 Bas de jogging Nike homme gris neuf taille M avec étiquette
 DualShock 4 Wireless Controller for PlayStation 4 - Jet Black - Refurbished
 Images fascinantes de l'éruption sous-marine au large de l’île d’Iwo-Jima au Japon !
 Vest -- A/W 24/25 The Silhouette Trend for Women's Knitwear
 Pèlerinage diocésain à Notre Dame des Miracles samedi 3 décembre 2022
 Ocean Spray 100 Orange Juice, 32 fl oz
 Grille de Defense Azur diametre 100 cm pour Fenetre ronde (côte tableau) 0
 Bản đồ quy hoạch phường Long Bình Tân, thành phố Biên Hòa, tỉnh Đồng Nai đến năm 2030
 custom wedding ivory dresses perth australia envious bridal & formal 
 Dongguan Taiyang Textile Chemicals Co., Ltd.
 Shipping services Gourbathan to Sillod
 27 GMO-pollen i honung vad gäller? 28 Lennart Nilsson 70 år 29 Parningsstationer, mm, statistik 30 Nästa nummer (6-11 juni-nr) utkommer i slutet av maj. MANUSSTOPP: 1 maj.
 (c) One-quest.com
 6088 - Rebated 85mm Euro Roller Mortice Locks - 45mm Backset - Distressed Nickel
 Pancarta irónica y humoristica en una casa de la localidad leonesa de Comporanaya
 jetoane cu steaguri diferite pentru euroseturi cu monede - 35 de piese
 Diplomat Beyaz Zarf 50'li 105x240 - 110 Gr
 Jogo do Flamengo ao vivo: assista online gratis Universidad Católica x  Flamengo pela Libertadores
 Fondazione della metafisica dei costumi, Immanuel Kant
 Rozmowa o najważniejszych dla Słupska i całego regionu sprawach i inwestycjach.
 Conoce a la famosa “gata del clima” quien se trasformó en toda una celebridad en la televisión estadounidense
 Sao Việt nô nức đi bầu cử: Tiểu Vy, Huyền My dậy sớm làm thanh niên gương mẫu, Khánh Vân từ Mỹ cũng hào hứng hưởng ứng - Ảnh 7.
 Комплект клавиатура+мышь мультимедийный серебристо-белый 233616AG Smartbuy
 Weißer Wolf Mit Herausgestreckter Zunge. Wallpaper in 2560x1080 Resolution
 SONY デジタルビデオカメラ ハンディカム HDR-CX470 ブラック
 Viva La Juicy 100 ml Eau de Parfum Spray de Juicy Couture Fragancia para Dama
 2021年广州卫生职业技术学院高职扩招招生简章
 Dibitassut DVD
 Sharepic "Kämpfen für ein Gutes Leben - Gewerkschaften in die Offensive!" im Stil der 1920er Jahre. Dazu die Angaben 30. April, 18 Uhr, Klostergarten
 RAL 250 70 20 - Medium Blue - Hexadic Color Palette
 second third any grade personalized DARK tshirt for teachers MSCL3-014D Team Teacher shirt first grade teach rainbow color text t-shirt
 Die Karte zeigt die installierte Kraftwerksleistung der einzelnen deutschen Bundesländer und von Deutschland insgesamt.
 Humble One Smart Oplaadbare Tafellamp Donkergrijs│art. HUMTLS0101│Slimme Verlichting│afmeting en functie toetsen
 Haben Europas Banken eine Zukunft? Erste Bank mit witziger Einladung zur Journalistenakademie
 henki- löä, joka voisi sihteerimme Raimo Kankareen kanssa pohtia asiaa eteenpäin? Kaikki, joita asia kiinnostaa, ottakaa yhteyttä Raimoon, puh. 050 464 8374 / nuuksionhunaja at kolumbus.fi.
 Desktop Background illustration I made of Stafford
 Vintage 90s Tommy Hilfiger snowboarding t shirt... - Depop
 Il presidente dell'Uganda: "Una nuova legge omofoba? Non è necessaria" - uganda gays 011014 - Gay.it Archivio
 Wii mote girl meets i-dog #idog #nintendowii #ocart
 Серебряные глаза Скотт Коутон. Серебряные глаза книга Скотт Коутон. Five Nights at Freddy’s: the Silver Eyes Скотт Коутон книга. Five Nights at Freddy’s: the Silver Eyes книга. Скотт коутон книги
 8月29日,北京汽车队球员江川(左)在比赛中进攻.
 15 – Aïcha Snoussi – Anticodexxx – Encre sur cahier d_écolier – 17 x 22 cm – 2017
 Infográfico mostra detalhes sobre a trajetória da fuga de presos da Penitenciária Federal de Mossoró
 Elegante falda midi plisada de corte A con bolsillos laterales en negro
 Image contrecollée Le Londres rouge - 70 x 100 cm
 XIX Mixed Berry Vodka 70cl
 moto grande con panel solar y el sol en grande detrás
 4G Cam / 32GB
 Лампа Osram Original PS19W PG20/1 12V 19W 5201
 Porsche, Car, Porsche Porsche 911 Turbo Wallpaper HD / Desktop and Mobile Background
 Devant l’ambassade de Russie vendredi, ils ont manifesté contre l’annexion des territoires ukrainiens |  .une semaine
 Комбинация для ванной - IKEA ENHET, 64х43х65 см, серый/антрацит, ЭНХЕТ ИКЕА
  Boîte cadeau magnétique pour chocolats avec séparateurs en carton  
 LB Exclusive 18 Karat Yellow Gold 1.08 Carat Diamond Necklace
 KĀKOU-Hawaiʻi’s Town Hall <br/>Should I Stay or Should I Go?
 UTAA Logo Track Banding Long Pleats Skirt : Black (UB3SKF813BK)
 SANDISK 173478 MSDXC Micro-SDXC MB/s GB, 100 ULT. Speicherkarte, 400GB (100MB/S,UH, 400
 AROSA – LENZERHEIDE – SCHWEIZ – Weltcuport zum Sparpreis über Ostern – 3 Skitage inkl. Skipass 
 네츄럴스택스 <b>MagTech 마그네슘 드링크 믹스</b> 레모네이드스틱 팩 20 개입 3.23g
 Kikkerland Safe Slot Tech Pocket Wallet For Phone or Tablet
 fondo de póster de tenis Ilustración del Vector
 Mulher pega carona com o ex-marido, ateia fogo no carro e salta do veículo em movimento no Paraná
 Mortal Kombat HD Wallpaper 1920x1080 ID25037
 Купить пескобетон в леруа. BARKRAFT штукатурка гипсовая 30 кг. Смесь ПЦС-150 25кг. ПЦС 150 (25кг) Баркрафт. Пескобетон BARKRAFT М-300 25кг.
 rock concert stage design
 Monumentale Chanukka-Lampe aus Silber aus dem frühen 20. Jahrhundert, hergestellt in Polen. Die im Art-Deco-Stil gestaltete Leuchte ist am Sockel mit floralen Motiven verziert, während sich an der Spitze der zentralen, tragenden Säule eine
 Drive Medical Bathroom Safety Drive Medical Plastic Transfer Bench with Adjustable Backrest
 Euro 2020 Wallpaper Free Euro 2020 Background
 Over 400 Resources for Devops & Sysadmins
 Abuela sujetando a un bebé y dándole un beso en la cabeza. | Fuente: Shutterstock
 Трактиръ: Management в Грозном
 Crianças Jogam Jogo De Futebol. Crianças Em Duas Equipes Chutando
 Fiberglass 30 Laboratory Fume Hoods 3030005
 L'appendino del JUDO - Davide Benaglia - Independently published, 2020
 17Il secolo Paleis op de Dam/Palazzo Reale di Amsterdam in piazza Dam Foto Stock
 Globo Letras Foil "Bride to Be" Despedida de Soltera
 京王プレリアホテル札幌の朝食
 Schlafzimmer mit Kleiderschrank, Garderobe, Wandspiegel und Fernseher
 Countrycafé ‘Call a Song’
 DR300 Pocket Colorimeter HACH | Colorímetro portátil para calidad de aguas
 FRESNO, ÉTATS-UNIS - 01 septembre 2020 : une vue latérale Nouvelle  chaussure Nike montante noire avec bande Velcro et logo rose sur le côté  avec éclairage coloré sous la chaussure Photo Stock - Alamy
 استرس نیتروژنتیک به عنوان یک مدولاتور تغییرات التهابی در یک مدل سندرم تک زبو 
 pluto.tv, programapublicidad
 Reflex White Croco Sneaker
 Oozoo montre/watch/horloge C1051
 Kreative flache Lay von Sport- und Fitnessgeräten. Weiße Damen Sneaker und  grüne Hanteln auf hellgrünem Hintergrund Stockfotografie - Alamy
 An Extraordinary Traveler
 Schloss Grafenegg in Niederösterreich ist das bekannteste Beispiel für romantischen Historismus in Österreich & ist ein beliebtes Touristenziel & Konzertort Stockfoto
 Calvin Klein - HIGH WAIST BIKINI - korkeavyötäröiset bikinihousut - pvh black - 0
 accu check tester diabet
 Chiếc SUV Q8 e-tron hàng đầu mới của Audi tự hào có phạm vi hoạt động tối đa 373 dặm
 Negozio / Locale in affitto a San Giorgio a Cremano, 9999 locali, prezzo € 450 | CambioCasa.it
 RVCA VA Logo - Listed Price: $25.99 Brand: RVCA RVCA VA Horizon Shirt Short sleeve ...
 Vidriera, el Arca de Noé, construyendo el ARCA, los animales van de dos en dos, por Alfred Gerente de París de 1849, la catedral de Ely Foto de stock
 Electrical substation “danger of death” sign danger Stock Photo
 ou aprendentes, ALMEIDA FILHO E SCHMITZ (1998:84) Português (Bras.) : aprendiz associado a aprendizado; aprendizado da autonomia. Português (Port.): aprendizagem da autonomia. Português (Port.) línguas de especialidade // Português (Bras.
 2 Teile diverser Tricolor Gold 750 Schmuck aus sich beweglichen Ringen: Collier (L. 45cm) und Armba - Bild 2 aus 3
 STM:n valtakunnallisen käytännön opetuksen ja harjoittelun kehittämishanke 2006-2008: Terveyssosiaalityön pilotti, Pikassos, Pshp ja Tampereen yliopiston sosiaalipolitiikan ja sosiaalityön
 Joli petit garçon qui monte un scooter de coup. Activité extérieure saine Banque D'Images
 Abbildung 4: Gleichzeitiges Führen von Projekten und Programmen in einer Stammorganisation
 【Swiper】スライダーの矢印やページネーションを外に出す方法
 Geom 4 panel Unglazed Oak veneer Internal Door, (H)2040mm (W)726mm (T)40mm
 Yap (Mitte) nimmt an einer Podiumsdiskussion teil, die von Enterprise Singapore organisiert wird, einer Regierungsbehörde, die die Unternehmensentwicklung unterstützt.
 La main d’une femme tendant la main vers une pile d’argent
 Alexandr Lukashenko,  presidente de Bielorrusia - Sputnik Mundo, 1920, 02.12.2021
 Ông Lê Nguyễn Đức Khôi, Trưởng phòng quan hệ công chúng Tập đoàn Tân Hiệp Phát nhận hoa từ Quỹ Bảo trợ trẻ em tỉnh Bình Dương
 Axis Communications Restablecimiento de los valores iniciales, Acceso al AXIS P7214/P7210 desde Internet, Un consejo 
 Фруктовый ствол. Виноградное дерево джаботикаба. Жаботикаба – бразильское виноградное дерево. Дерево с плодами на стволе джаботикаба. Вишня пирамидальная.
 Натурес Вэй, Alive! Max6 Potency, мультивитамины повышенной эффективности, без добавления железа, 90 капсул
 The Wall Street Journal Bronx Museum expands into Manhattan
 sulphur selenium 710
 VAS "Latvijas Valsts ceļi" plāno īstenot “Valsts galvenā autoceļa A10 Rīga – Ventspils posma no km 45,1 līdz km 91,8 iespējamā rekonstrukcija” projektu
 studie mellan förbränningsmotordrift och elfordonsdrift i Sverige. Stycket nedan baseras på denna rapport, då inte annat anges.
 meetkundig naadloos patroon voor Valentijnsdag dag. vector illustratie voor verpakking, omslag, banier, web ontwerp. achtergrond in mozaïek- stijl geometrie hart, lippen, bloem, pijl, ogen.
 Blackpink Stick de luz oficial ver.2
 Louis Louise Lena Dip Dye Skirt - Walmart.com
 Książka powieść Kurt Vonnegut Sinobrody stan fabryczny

※ ※ ※

* WHAT YOU NEED TO DO *
Each line from the top of the material above, through the one that contains "Ocean Spray 100 Orange Juice, 32 fl oz", should be restated word for word.

* WRITTEN ANSWER *
 Bas de jogging Nike homme gris neuf taille M avec étiquette
 DualShock 4 Wireless Controller for PlayStation 4 - Jet Black - Refurbished
 Images fascinantes de l'éruption sous-marine au large de l’île d’Iwo-Jima au Japon !
 Vest -- A/W 24/25 The Silhouette Trend for Women's Knitwear
 Pèlerinage diocésain à Notre Dame des Miracles samedi 3 décembre 2022
 Ocean Spray 100 Orange Juice, 32 fl oz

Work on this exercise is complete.